Bakın teröristler bizim de vatanımızı bölmeye çalışıyor. Askerimiz,
polisimiz canlarını vatan için, din için, Allah için feda ediyor. Ben öyle
düşünüyorum ki bu hainler, bu şerefsizler bu vatanı böldüreceklerdi. İyi de bir
plan yapmışlardı. Bölünme planları da hazırdı. Ama biz acıdık, Allah da
bize acıdı diye düşünüyorum. Bu muhacirlere, bu gariplere, bu fakirlere
hükümetimizin, devletimizin kucak açmasından dolayı.
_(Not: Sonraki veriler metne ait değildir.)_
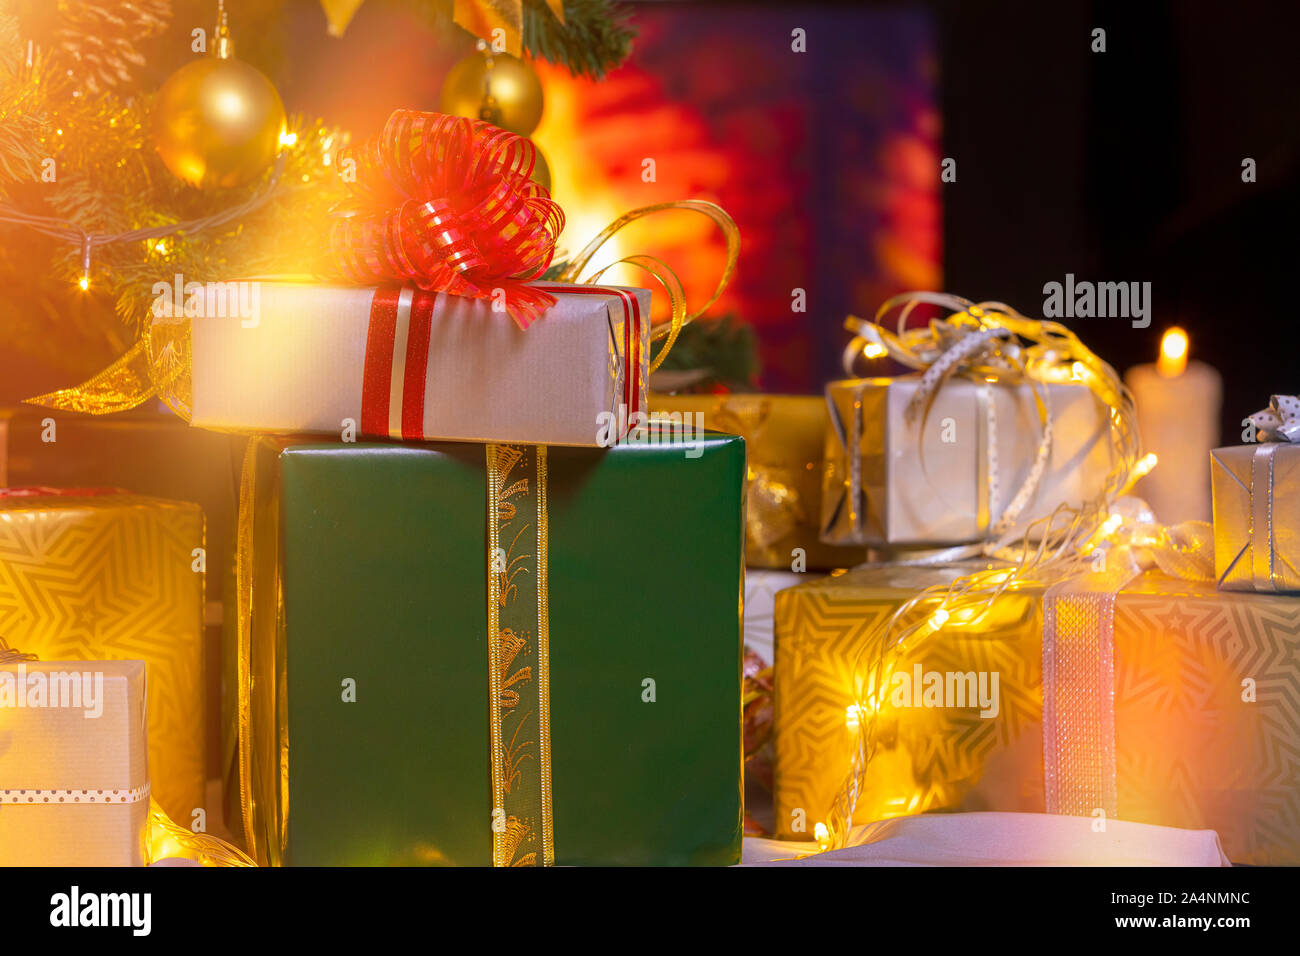 Pile de cadeaux emballés en vertu de l'arbre de Noël à l'encontre de cheminée. Beaucoup de cadeaux de Noël sous l'arbre. Des bougies sur un plancher en bois. L'accent sur g Banque D'Images

KIYMETLİ ECDADIN TORUNLARI
Koca Almanya 60-70 bin kişi alırım diyor. Koca ülkeler 50-100 bin kişi zor
alırım diyor. Onlar da senelerce ittiler, almadılar. Haberlerde durumları
görüyorsunuz. Macaristan’da kameramanın yaptıklarını. Çelme takıp çocuğuyla
giden mülteciyi düşürüyorlar. Çoluk, çocuğa tekme atıyorlar. Bir de bizim Türk
askerinin karşılamasına, istikbaline bakın. Ben haberlerde sürekli takip
ediyorum. Onların o çocukları kucaklarına almaları, sevmeleri, o sıcakta
gelenlere su vermeleri, küçük çocukların ağızlarına su vermeleri, ailelere
ikramları… İnsan evladı ya Türk askeri, insan evladı! Kıymetli ecdadın ahfadı
yahu. Evlad-ı Fatihan yani.
BİR GÂVURLARA BİR DE BİZİM ASKERE BAKIN
Onlar da orada güneşin altında, zor şartlarda saatlerce görev yapıyorlar.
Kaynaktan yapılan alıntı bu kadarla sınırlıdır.